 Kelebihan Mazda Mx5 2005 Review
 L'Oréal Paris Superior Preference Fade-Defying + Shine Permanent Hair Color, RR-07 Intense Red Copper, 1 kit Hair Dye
* * *
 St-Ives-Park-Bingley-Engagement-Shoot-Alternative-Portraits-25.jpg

*To do:*
Reproduce, exactly as they stand in the data above, the lines from the one that holds "Kelebihan Mazda Mx5 2005 Review" to the one that holds "L'Oréal Paris Superior", inclusive.

*Expected answer:*
 Kelebihan Mazda Mx5 2005 Review
 L'Oréal Paris Superior Preference Fade-Defying + Shine Permanent Hair Color, RR-07 Intense Red Copper, 1 kit Hair Dye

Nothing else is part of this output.